> _Supplied material_:
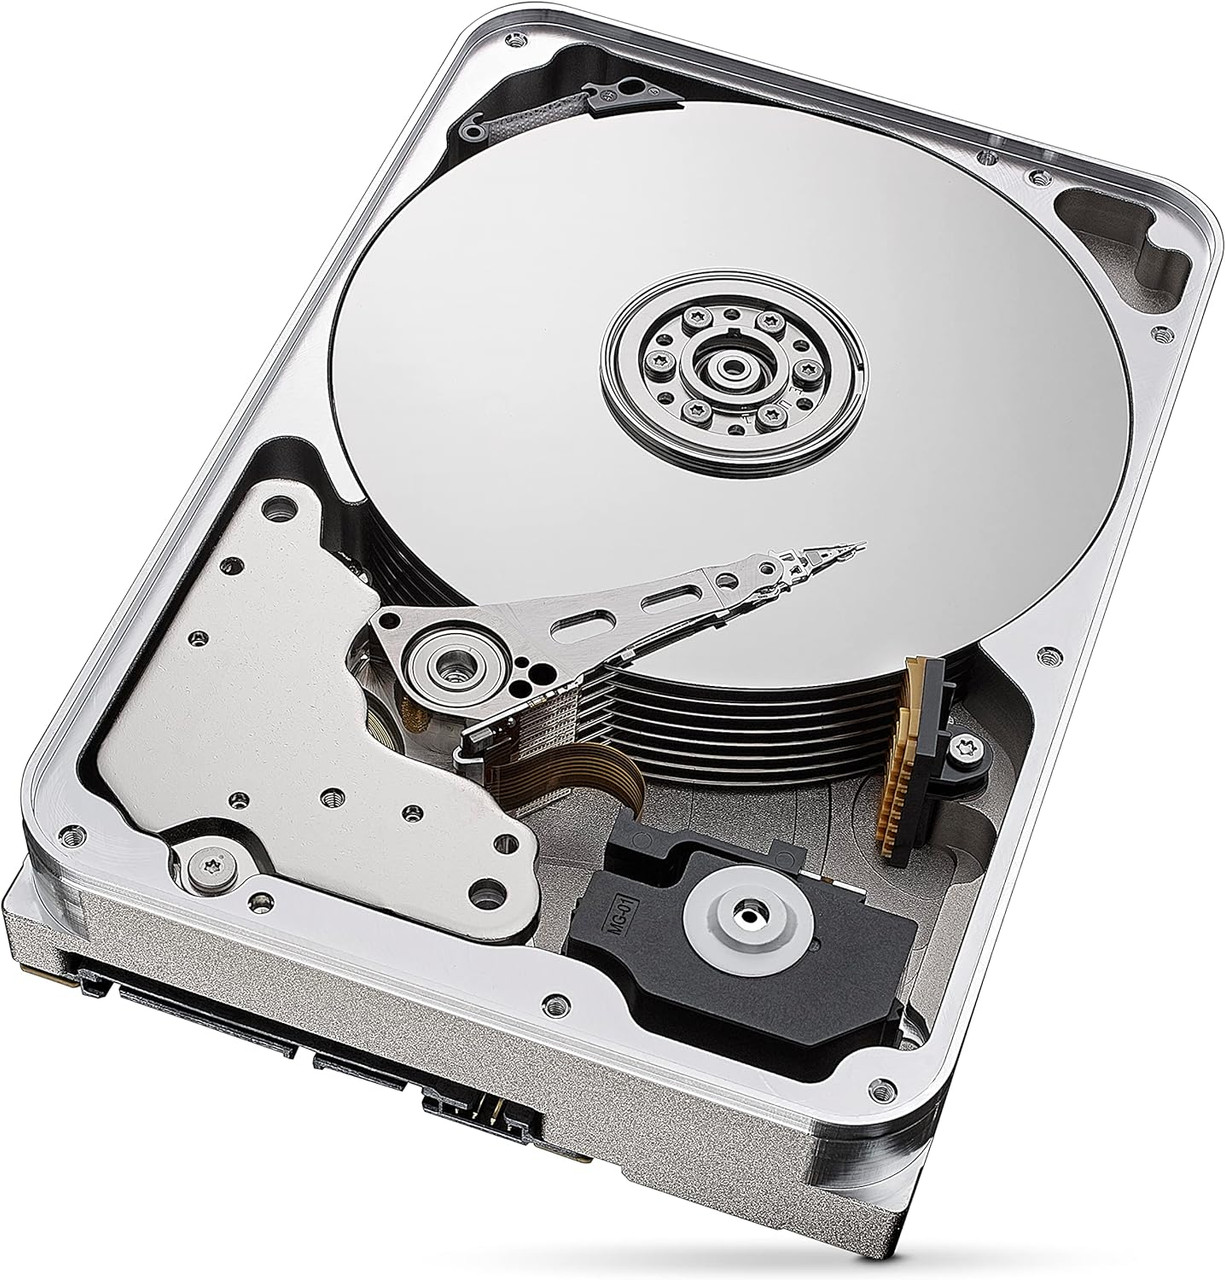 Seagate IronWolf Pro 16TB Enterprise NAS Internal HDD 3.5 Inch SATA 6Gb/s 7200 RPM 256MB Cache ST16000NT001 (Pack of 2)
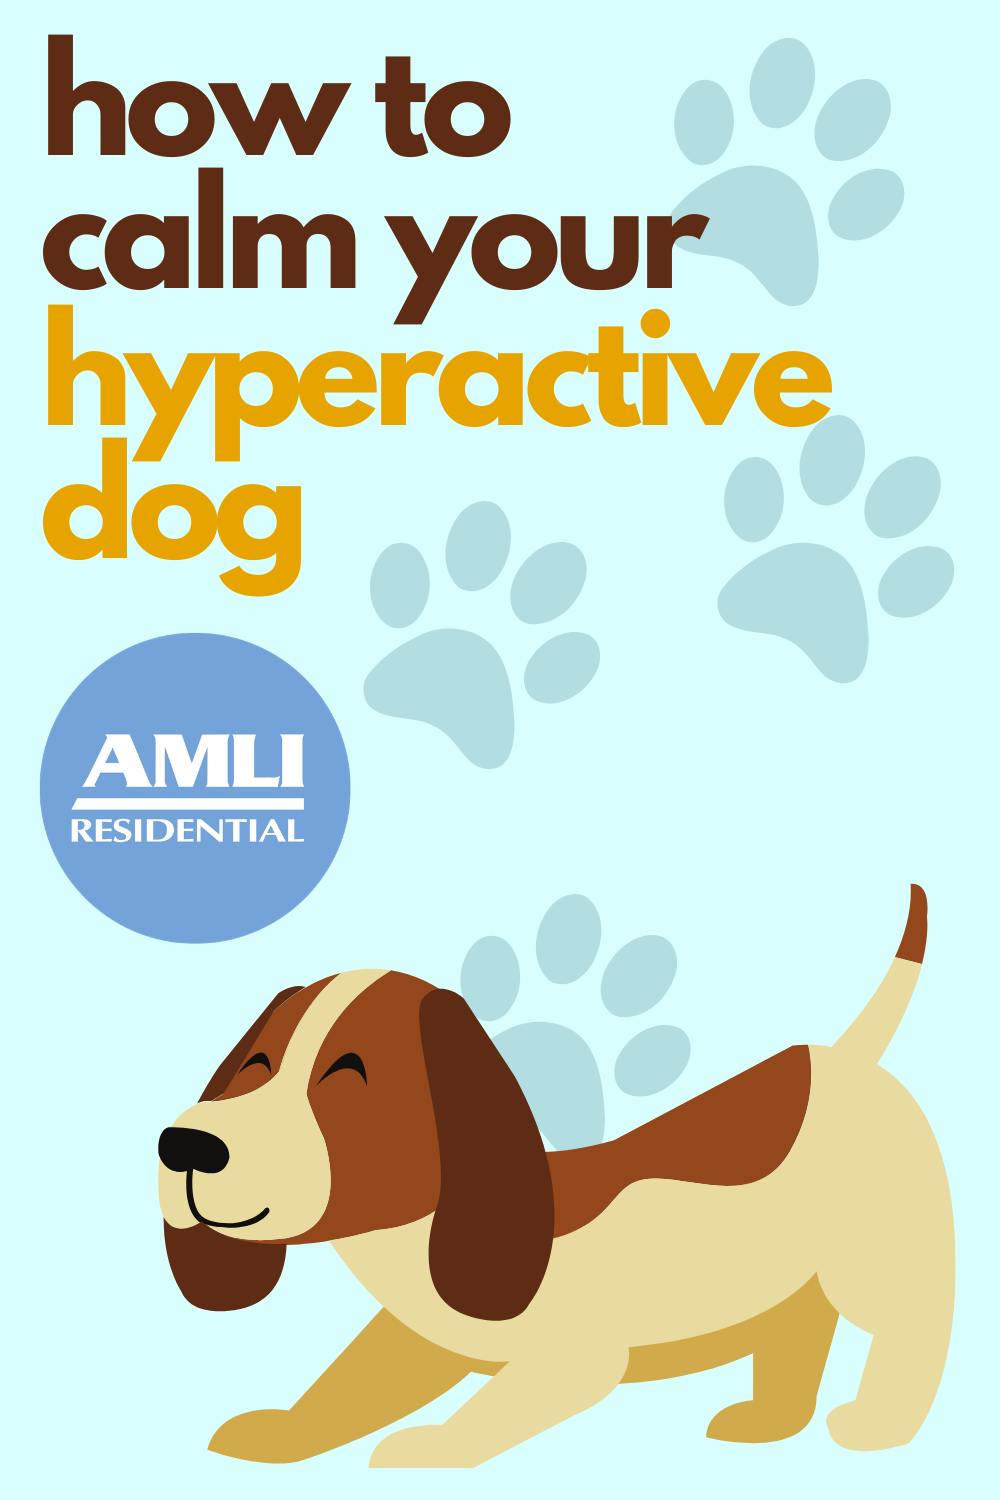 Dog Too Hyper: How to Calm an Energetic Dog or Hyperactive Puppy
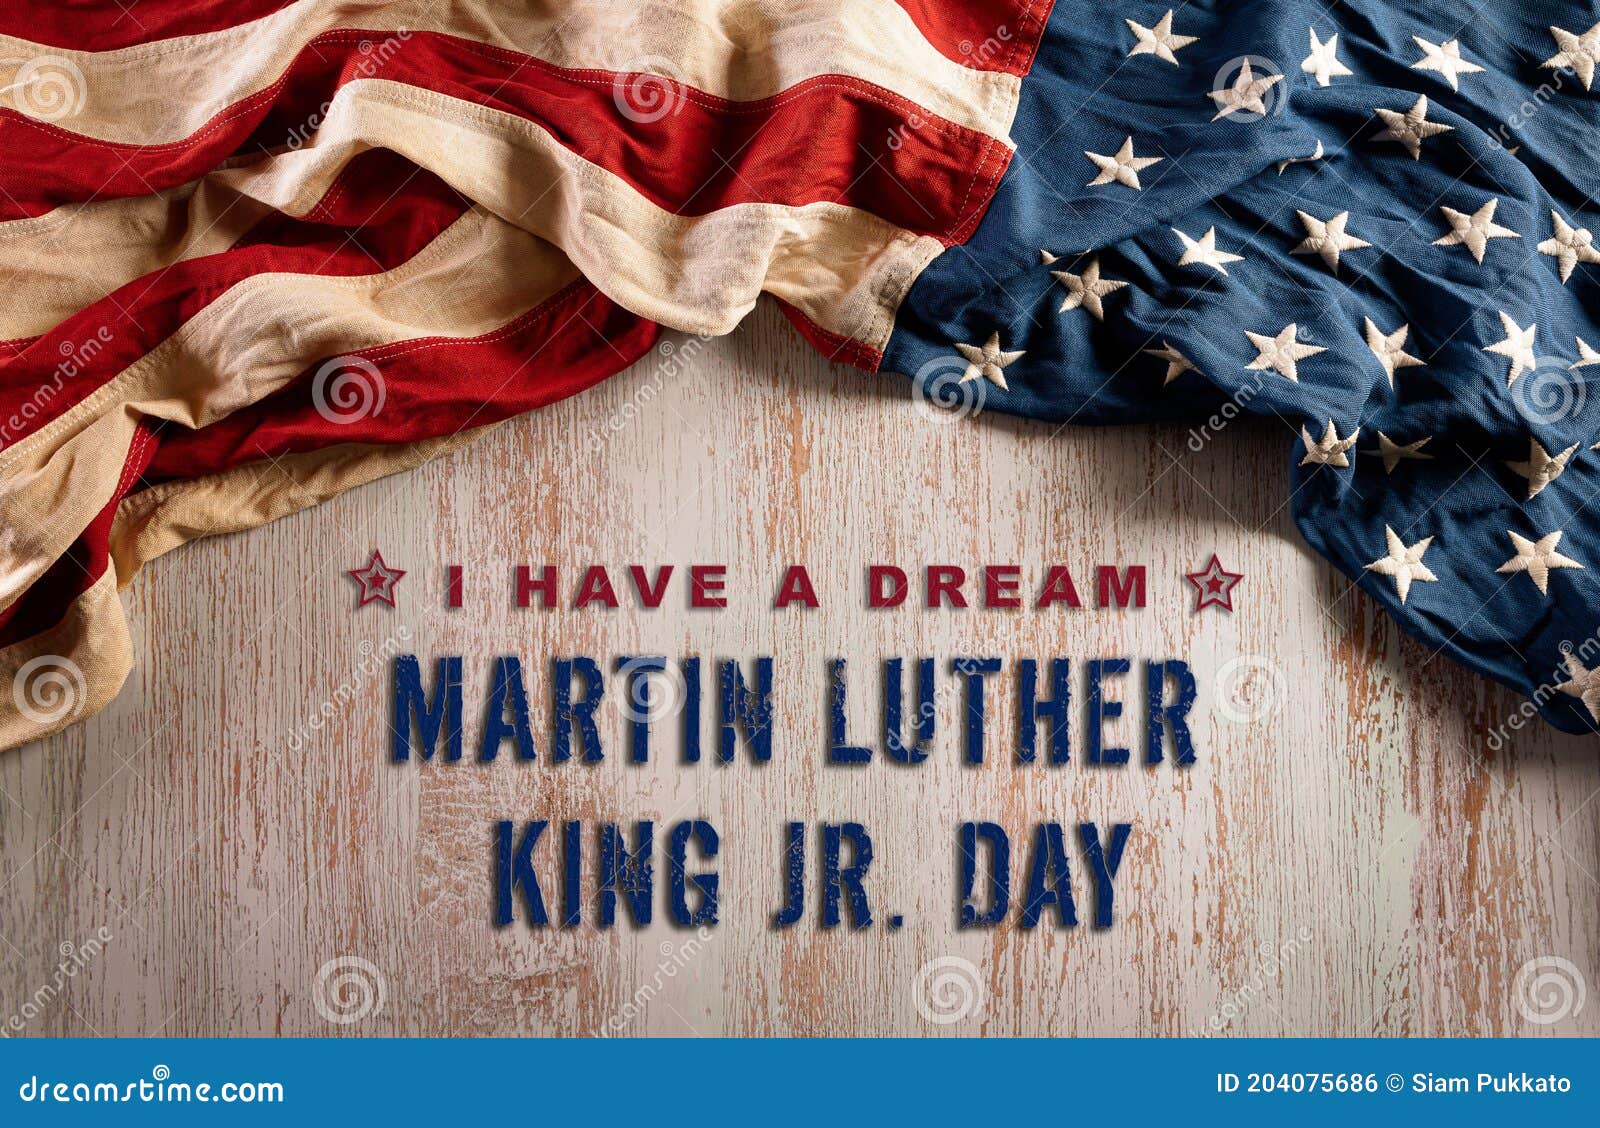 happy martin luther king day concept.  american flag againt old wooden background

> _Try it_: Write out the listing above exactly, images omitted.

> _Solution_:
 Seagate IronWolf Pro 16TB Enterprise NAS Internal HDD 3.5 Inch SATA 6Gb/s 7200 RPM 256MB Cache ST16000NT001 (Pack of 2)
 Dog Too Hyper: How to Calm an Energetic Dog or Hyperactive Puppy
 happy martin luther king day concept.  american flag againt old wooden background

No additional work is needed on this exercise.